Items from a data source
^^^^

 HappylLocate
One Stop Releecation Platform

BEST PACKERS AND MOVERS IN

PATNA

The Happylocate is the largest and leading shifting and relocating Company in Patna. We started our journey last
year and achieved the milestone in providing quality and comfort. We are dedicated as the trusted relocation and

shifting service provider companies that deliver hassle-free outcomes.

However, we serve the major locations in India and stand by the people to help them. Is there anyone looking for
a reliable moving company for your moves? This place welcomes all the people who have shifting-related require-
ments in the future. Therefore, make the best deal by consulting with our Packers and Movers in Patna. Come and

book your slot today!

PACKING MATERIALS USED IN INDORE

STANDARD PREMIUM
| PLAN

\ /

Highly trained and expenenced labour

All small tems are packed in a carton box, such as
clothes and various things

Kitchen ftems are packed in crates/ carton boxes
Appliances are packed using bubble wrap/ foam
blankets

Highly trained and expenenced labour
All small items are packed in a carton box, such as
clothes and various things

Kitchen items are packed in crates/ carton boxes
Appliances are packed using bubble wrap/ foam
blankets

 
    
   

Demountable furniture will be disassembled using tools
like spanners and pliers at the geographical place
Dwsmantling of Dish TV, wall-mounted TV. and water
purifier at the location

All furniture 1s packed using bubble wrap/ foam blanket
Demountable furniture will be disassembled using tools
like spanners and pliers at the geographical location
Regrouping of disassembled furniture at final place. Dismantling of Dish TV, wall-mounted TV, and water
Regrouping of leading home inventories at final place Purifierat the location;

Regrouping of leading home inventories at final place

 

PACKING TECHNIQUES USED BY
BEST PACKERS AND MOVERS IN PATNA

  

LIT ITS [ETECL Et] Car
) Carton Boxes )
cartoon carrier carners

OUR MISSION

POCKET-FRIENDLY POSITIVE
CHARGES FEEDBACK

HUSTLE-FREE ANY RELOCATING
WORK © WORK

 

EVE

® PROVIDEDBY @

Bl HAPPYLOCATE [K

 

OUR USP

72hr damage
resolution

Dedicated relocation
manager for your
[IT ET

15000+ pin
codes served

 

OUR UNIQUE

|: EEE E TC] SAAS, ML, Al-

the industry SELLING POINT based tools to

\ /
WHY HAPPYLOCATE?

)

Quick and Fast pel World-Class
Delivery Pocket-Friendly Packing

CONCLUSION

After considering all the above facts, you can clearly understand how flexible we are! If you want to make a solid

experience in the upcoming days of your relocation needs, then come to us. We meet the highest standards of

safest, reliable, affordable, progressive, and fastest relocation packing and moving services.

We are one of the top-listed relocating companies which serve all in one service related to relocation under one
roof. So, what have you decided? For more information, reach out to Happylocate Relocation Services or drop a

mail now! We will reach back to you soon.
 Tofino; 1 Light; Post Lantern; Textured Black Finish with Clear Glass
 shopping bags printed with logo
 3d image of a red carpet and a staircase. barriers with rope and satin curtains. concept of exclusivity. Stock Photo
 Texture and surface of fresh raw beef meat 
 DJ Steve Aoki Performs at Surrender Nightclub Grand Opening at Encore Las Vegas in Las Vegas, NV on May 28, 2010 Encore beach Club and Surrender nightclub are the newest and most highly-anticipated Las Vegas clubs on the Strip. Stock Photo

^^^^

== Work request ==
Of all the entries above, output exactly the lines between the one holding "book your slot today!" and the one holding "Kitchen ftems are", inclusive.

== Result for this task ==
book your slot today!

PACKING MATERIALS USED IN INDORE

STANDARD PREMIUM
| PLAN

\ /

Highly trained and expenenced labour

All small tems are packed in a carton box, such as
clothes and various things

Kitchen ftems are packed in crates/ carton boxes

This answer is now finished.